══ Data section ══

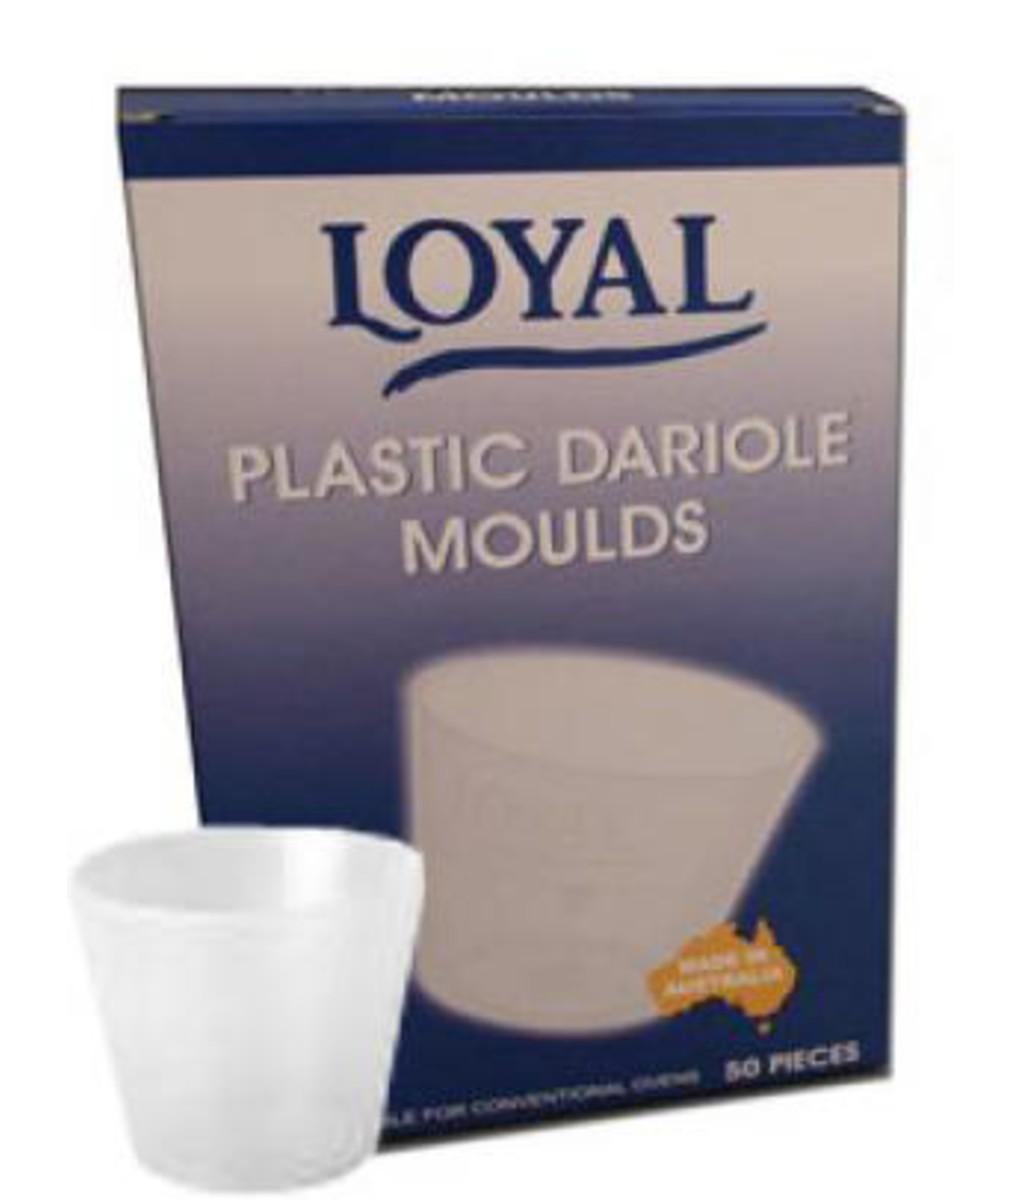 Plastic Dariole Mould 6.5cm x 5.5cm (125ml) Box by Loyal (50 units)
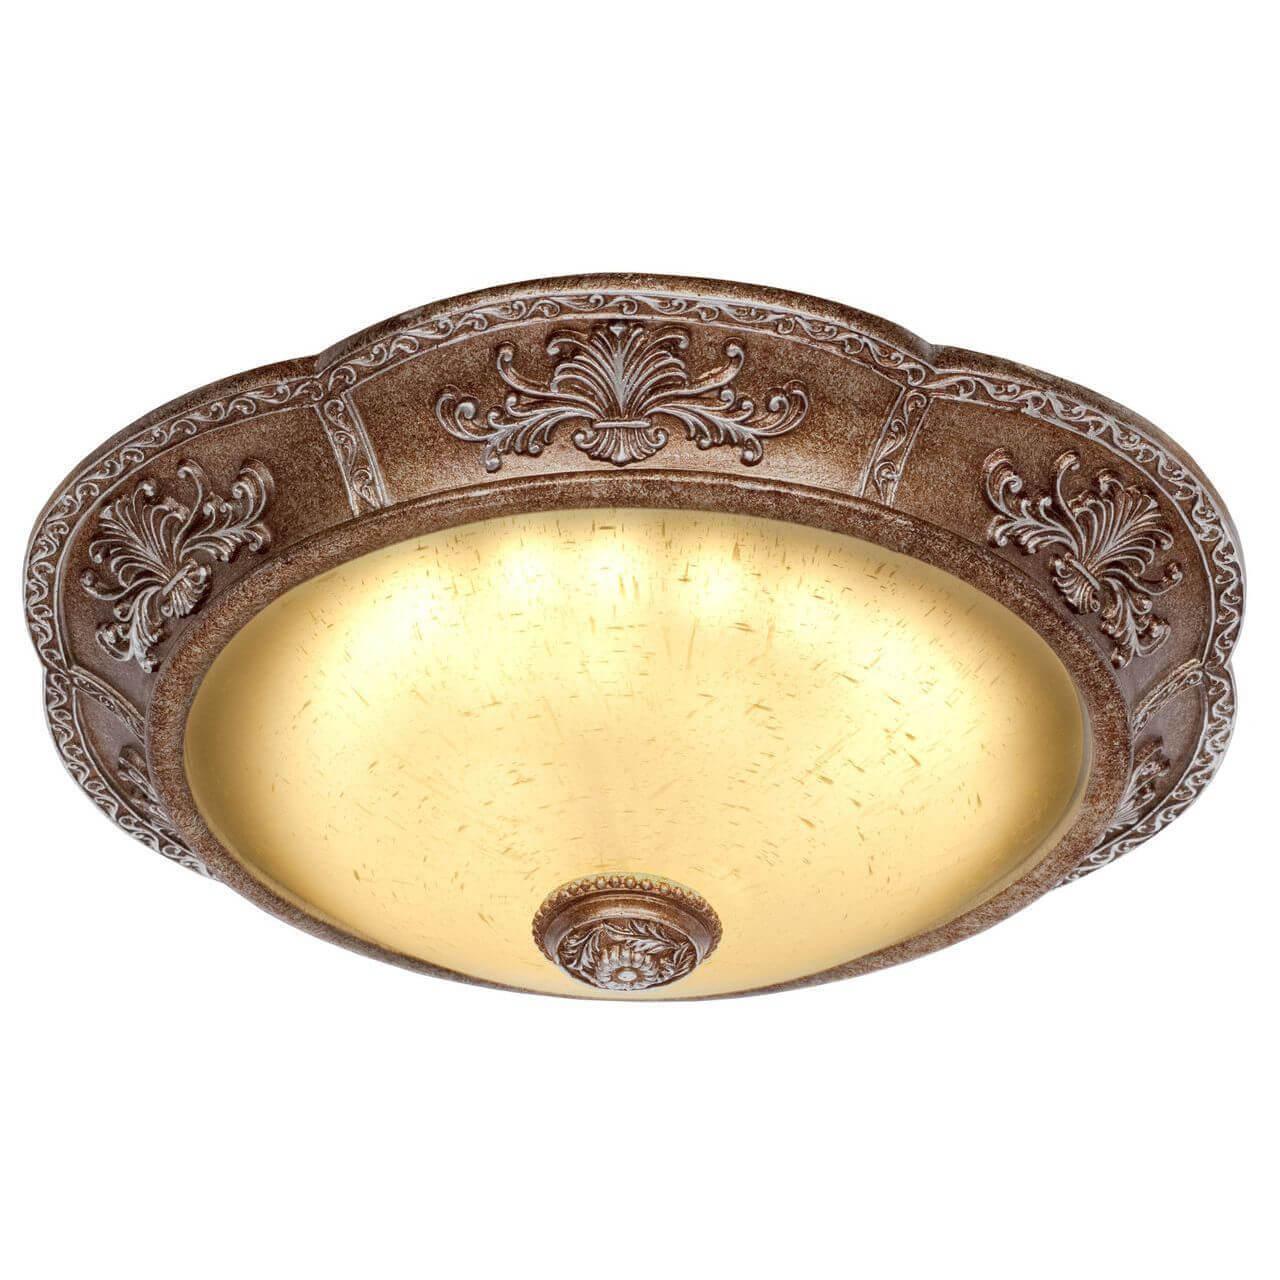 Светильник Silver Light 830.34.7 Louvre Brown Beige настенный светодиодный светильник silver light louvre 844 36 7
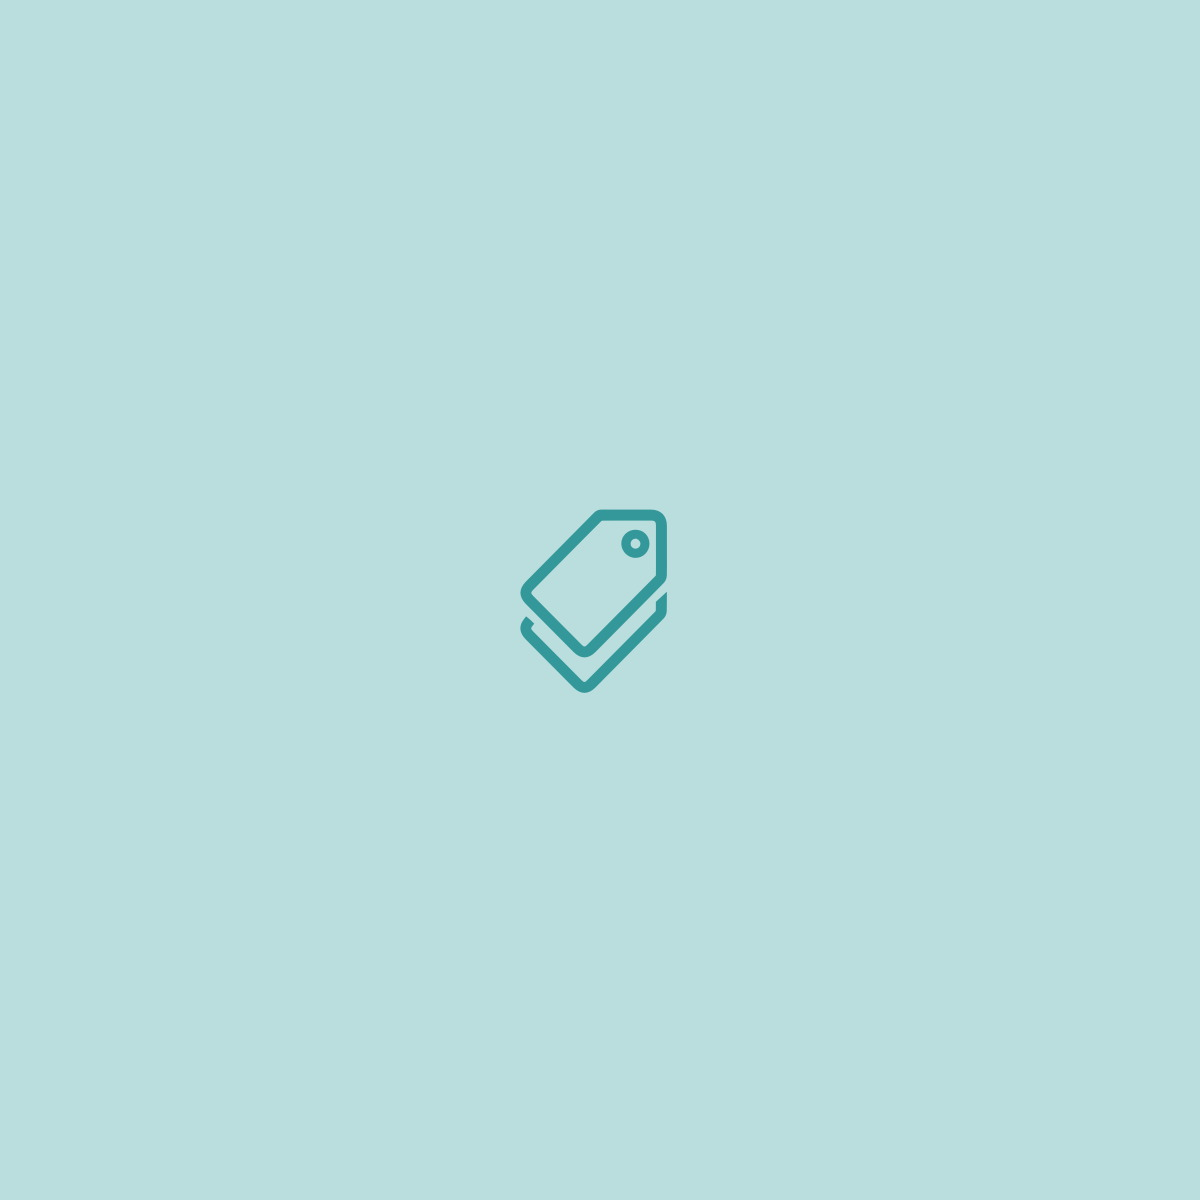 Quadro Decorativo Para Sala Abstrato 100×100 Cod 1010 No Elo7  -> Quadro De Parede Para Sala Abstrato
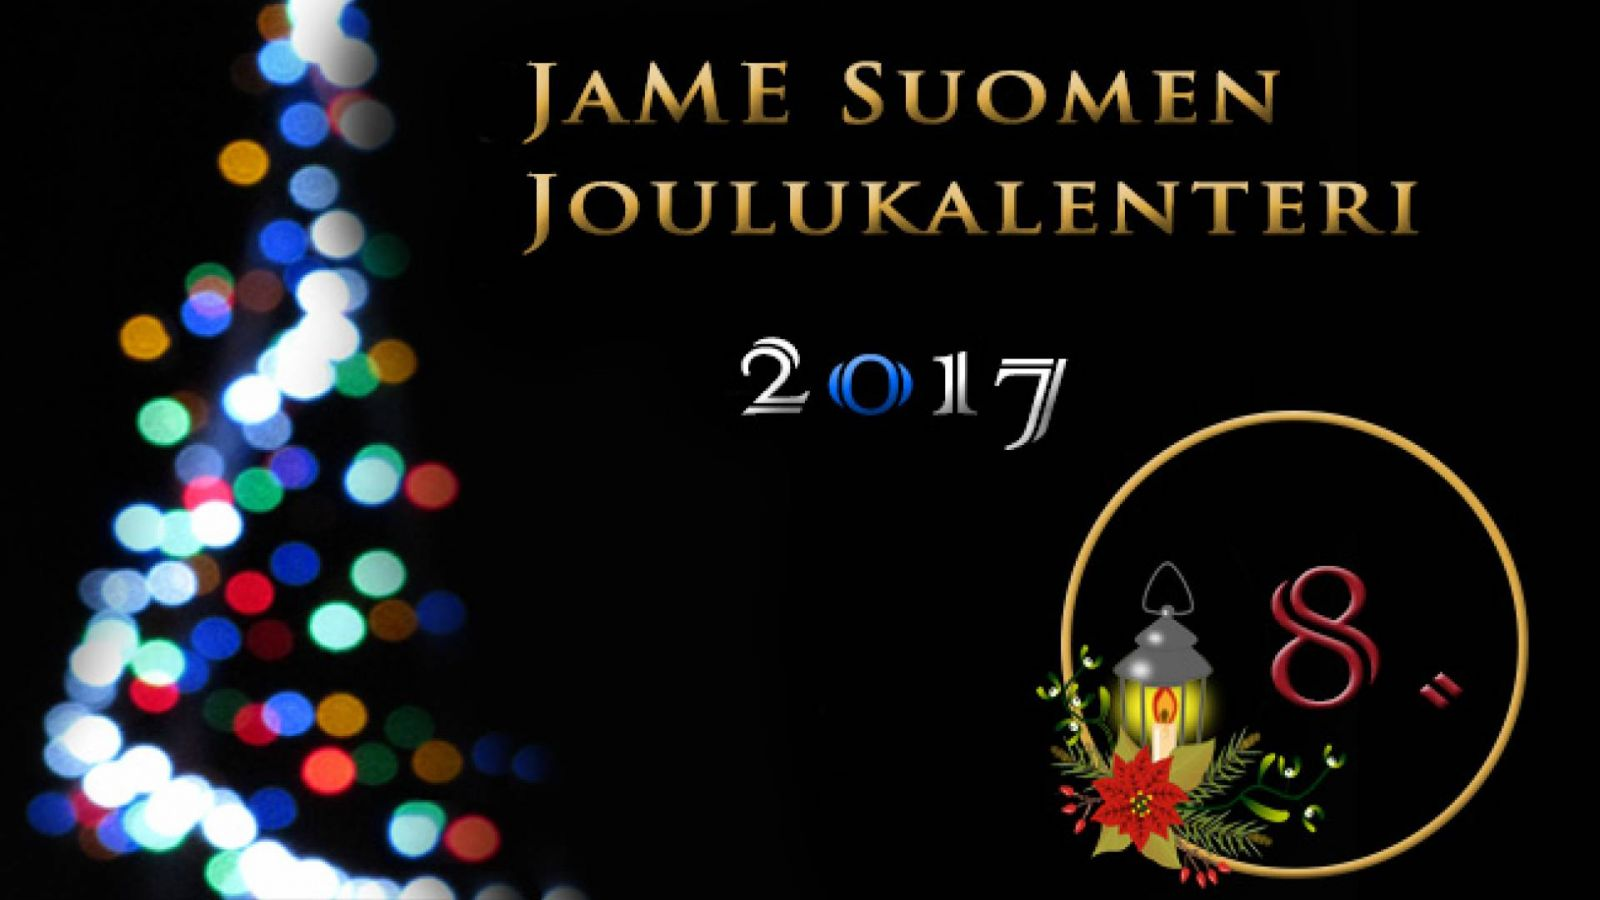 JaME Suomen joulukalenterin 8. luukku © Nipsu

═══

Repeat the material above verbatim. Leave the pictures behind.

Response below:
 Plastic Dariole Mould 6.5cm x 5.5cm (125ml) Box by Loyal (50 units)
 Светильник Silver Light 830.34.7 Louvre Brown Beige настенный светодиодный светильник silver light louvre 844 36 7
 Quadro Decorativo Para Sala Abstrato 100×100 Cod 1010 No Elo7  -> Quadro De Parede Para Sala Abstrato
 JaME Suomen joulukalenterin 8. luukku © Nipsu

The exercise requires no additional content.